论文部分内容阅读
目的系统评价肝素治疗吸入性肺损伤动物实验的模型构建过程及其治疗效果。方法计算机检索Pub Med、EMbase、CBM、CNKI、VIP和Wan Fang Data数据库,搜集肝素治疗吸入性肺损伤的动物实验,检索时限均为建库至2016年11月。由2位研究者独立进行文献筛选、资料提取和偏倚风险评价后,采用Rev Man 5.3软件进行Meta分析。结果共纳入9个研究,涉及11个吸入性肺损伤动物实验组。纳入研究以羊或大鼠为实验动物,均在40℃以下环境通过棉质毛巾或松木屑燃烧产生烟雾吸入构建模型。Meta分析结果显示:实验组与对照组的病死率差异无统计学意义[肝素组vs.对照组:RR=0.38,95%CI(0.14,1.05),P=0.06;肝素+DMSO组vs.DMSO组:RR=0.10,95%CI(0.01,1.51),P=0.10]。此外,实验组的肺动脉压[MD=–3.31,95%CI(–4.51,–2.11),P<0.000 01]、肺湿干比[MD=–0.90,95%CI(–1.19,–0.61),P<0.000 01]、肺含水量[MD=–1.18,95%CI(–1.67,–0.70),P<0.000 01]均低于对照组;实验组12 h氧合指数[MD=131.00,95%CI(59.54,202.46),P=0.000 3]、24 h氧合指数[MD=114.00,95%CI(60.56,167.44),P<0.000 1]和48 h氧合指数[MD=46.00,95%CI(20.62,71.38),P=0.000 4]均高于对照组,且差异均具有统计学意义;但两组凝血功能差异无统计学意义。结论当前证据表明,吸入性肺损伤动物模型构建尚缺乏规范方法,肝素治疗吸入性肺损伤动物可降低动物的肺动脉压和肺含水量。受纳入研究数量和质量的限制,上述结论尚需更多高质量研究予以验证。
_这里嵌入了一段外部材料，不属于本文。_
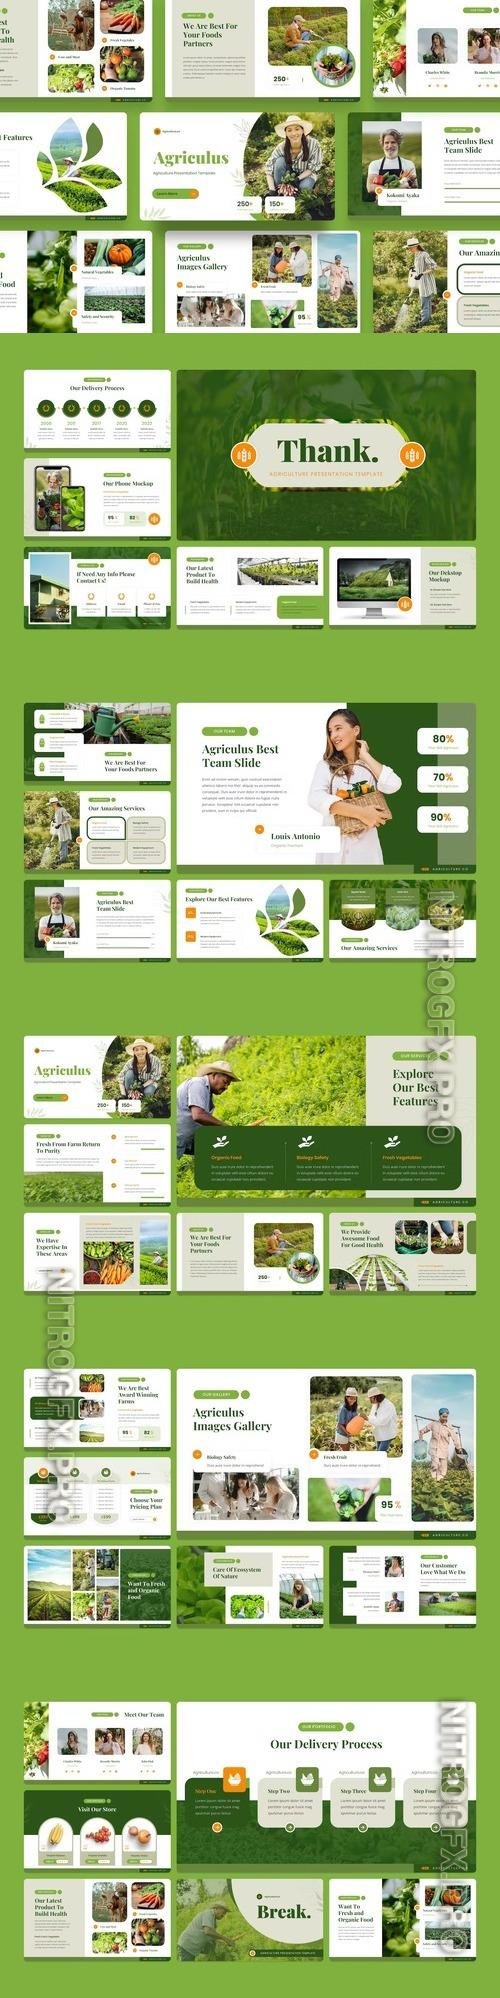 Agriculus - Agriculture Powerpoint, Keynote and Google Slides Template

Objective To systematically evaluate the animal model of heparin-induced inhalation lung injury and its therapeutic effect. Methods The databases of Pub Med, EMbase, CBM, CNKI, VIP and Wan Fang Data were searched by computer. The animal experiments of heparin treatment of inhaled lung injury were collected. The search time was from the database to November 2016. Two independent researchers conducted literature review, data extraction and risk assessment of bias, and Meta-analysis was performed using Rev Man 5.3 software. Results A total of 9 studies were included involving 11 experimental groups of animals with inhalation lung injury. Inclusion of sheep or rats as experimental animals, all below 40 ℃ environment through the cotton towel or pine litter smoke generated smoke inhalation model. Meta analysis showed that there was no significant difference in mortality between the experimental group and the control group [heparin group vs. control group: RR = 0.38,95% CI (0.14,1.05), P = 0.06; heparin + DMSO group vs. DMSO Group: RR = 0.10, 95% CI (0.01, 1.51), P = 0.10]. In addition, the pulmonary wet and dry lung ratio [MD = -0.90, 95% CI (-1.19, -0.61), P <0.001] , P <0.000 01]. The lung water content [MD = -1.18,95% CI (-1.67, -0.70), P <0.000 01] was lower than that of the control group. The oxygenation index of the experimental group was 12 h 95% CI (59.54,202.46), P = 0.0003], oxygenation index 24 h (MD = 114.00, 95% CI 60.56,167.44, P < 95% CI (20.62, 71.38), P = 0.0004] were higher than the control group, and the differences were statistically significant; however, there was no significant difference in coagulation function between the two groups. Conclusions Current evidence indicates that animal models of aspiration lung injury are still lacking in normative methods. Heparin treatment of animals with inhaled lung injury can reduce pulmonary arterial pressure and lung water content in animals. Due to the limited number and quality of studies involved, the above conclusion still needs more high-quality research to be verified.